April 26, 2023 at 5:58:42 PM

GLP-1 drugs can cause some pretty unpleasant side effects, especially early in treatment and/or at higher doses.

GLP-1 Nausea Vomiting and Other Side Effects

Side Effects of GLP-1 Agonists for Weight Loss and Diabetes: A Critical Review


Glucagon-like peptide-1 (GLP-1) agonists are a class of drugs that have emerged as an effective treatment for type 2 diabetes and, more recently, for weight loss. These drugs mimic the effects of the incretin hormone GLP-1, which enhances insulin secretion and suppresses glucagon release, leading to improved blood glucose control and potential weight loss (1). Despite their efficacy, GLP-1 agonists are associated with several side effects, which must be carefully considered by healthcare providers and patients. This review will critically discuss the side effects of GLP-1 agonists, providing detailed information on each and citing relevant sources.

Gastrointestinal Side Effects (especially chronic nausea and vomiting)

One of the most common side effects of GLP-1 agonists is gastrointestinal (GI) disturbances, including nausea, vomiting, diarrhea, and constipation (2). These side effects are generally dose-dependent and tend to occur more frequently in the initial weeks of therapy, often decreasing over time (3). The exact mechanism behind these GI side effects is not well understood, but it is thought to be related to delayed gastric emptying and activation of GLP-1 receptors in the central nervous system (CNS) (4). Some studies suggest that the incidence of GI side effects may be lower with newer GLP-1 agonists, such as dulaglutide and semaglutide, compared to older agents like exenatide and liraglutide (5).



  1. Nauck, M. A. (2016). Incretin therapies: highlighting common features and differences in the modes of action of glucagon-like peptide-1 receptor agonists and dipeptidyl peptidase-4 inhibitors. Diabetes, Obesity and Metabolism, 18(3), 203-216.

  2. Montvida, O., Klein, K., & Kumar, S. (2018). Long-term efficacy and safety of glucagon-like peptide-1 receptor agonists for the management of type 2 diabetes: a systematic review and meta-analysis of randomized controlled trials. Diabetes, Obesity and Metabolism, 20(4), 963-972.

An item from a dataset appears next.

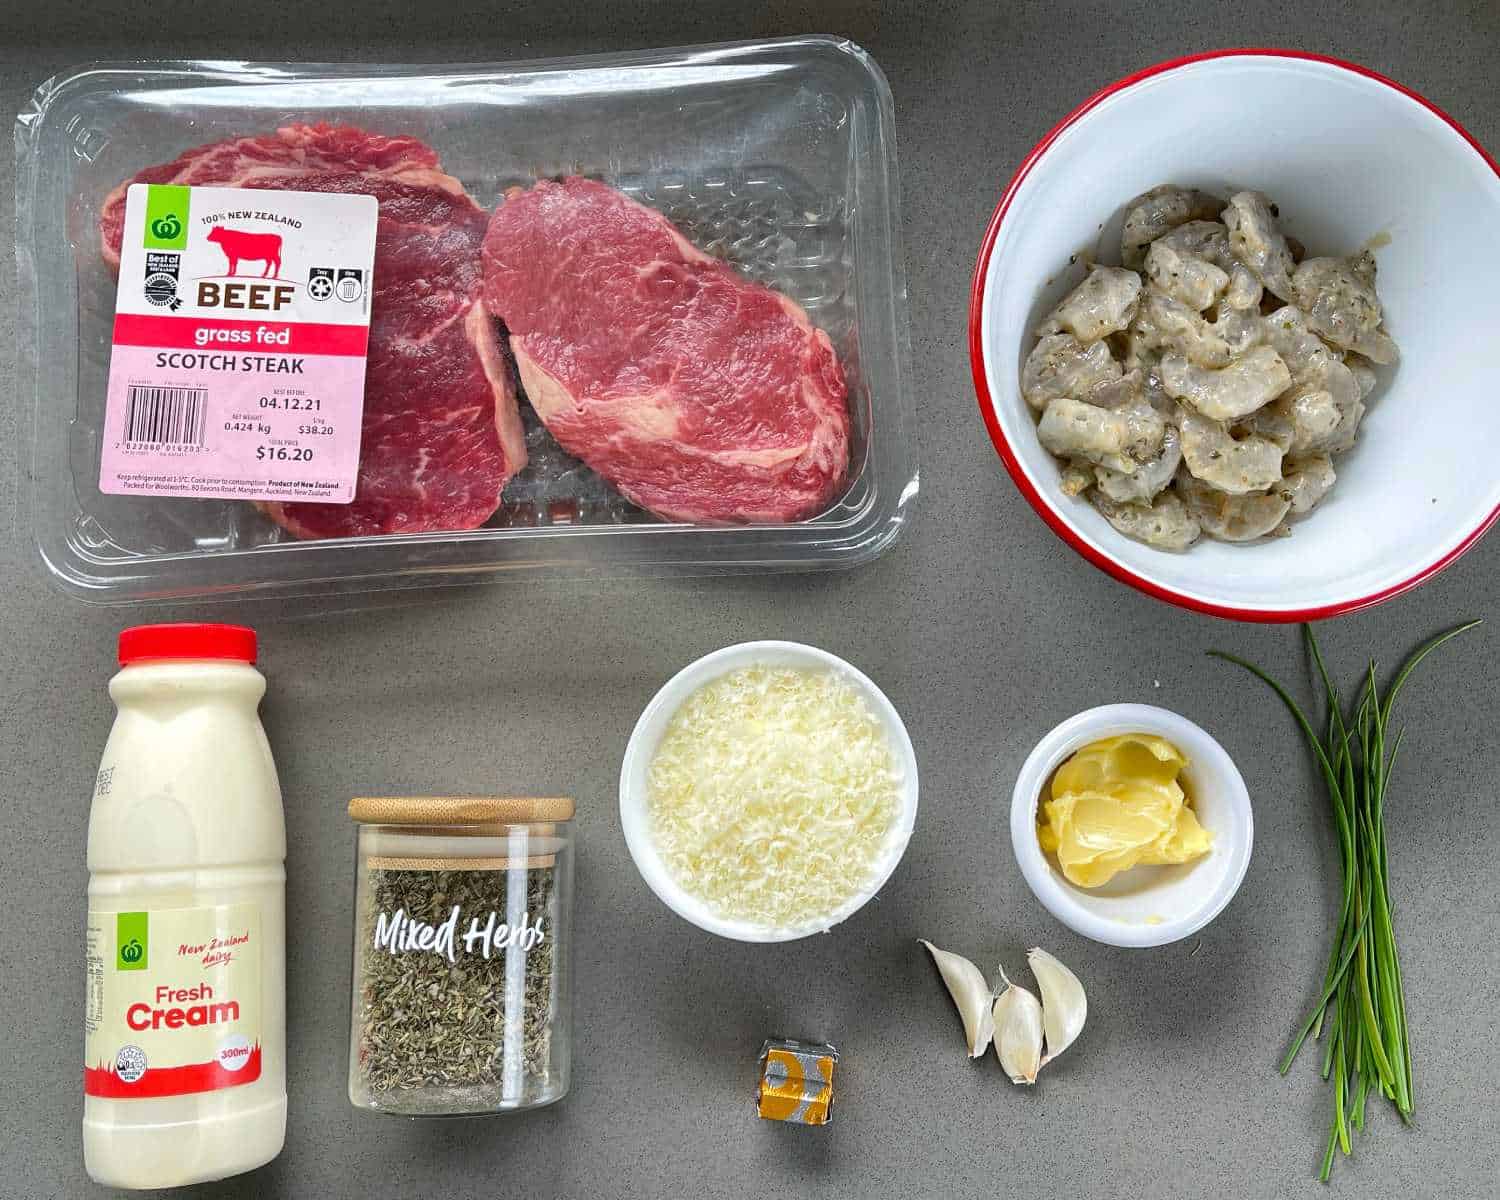 Ingredients for steak and creamy garlic pawns sitting on a grey bench

  3. Meier, J. J. (2012). GLP-1 receptor agonists for individualized treatment of type 2 diabetes mellitus. Nature Reviews Endocrinology, 8(12), 728-742.

  4. Hellström, P. M., Näslund, E., & Edholm, T. (2016). Tachykinins and the gut: a new target for obesity treatment?. Pharmacology & Therapeutics, 164, 1-8.

  5. Bettge, K., Kahle, M., Abd El Aziz, M. S., Meier, J. J., & Nauck, M. A. (2017). Occurrence of nausea, vomiting and diarrhea reported as adverse events in clinical trials studying glucagon-like peptide-1 receptor agonists: a systematic analysis of published clinical trials. Diabetes, Obesity and Metabolism, 19(3), 336-347.

Injection Site Reactions

GLP-1 agonists are administered via subcutaneous injections, which can lead to local injection site reactions, such as erythema, pruritus, and induration. These reactions are generally mild and self-limiting, although some patients may require dose adjustments or treatment discontinuation (6). The frequency of injection site reactions varies among different GLP-1 agonists, with exenatide reported to have a higher incidence compared to liraglutide and dulaglutide (7). Proper injection technique and rotation of injection sites can help minimize these side effects.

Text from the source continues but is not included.